Aus russischer Sicht waren die Signale klar: Der Westen bringt nichts auf die Reihe. Wenn man Fakten setzt, weicht er zurück. Da mag man selbst eine Fehlkalkulation wie in der Ukraine verschmerzen, wenn sich das Problem auf Dauer ausbügeln lässt. Europäische Ukrainepolitik bietet schon auch Hilfe, aber vor allem viel Geschwätz. Jedenfalls bringt der reiche, dynamische und flexible Westen es nicht einmal zustande, hinreichend Munition zu produzieren, geschweige denn eine effiziente Waffenproduktion in die Gänge zu bringen. Dabei bräuchte er in der aktuellen Lage noch nicht einmal Personalressourcen einzusetzen, das machen die Ukrainer selbst.
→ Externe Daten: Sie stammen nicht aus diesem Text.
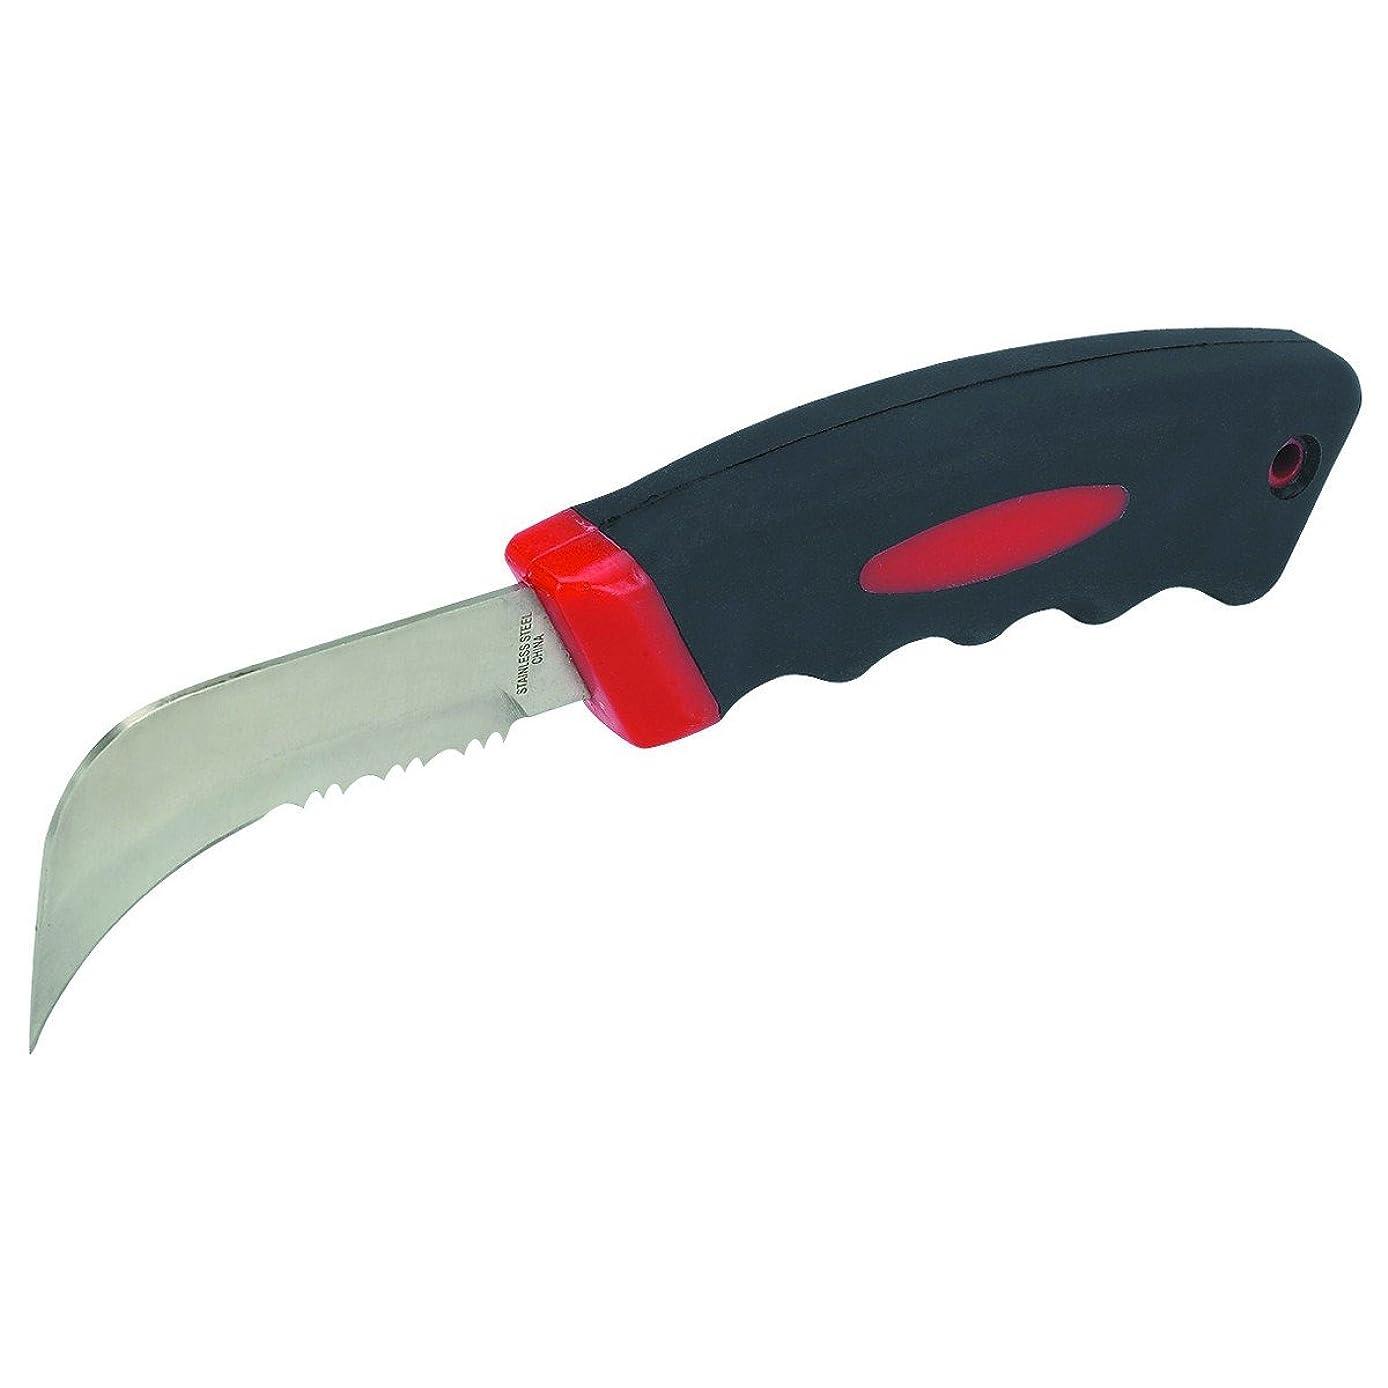 King 8-Inch Linoleum Knife

Denn die Mehrheit der Bevölkerung Westeuropas würde sich, empirischen Umfragen zufolge, ohnehin nicht mit der Waffe in der Hand wehren, sondern sich Putin gleich unterwerfen.

Europa ist, im schlechten Sinn, „einladend.“ Russland beobachtet das mit Vergnügen.

Der Autor ist Professor für Soziologie an der Universität Graz.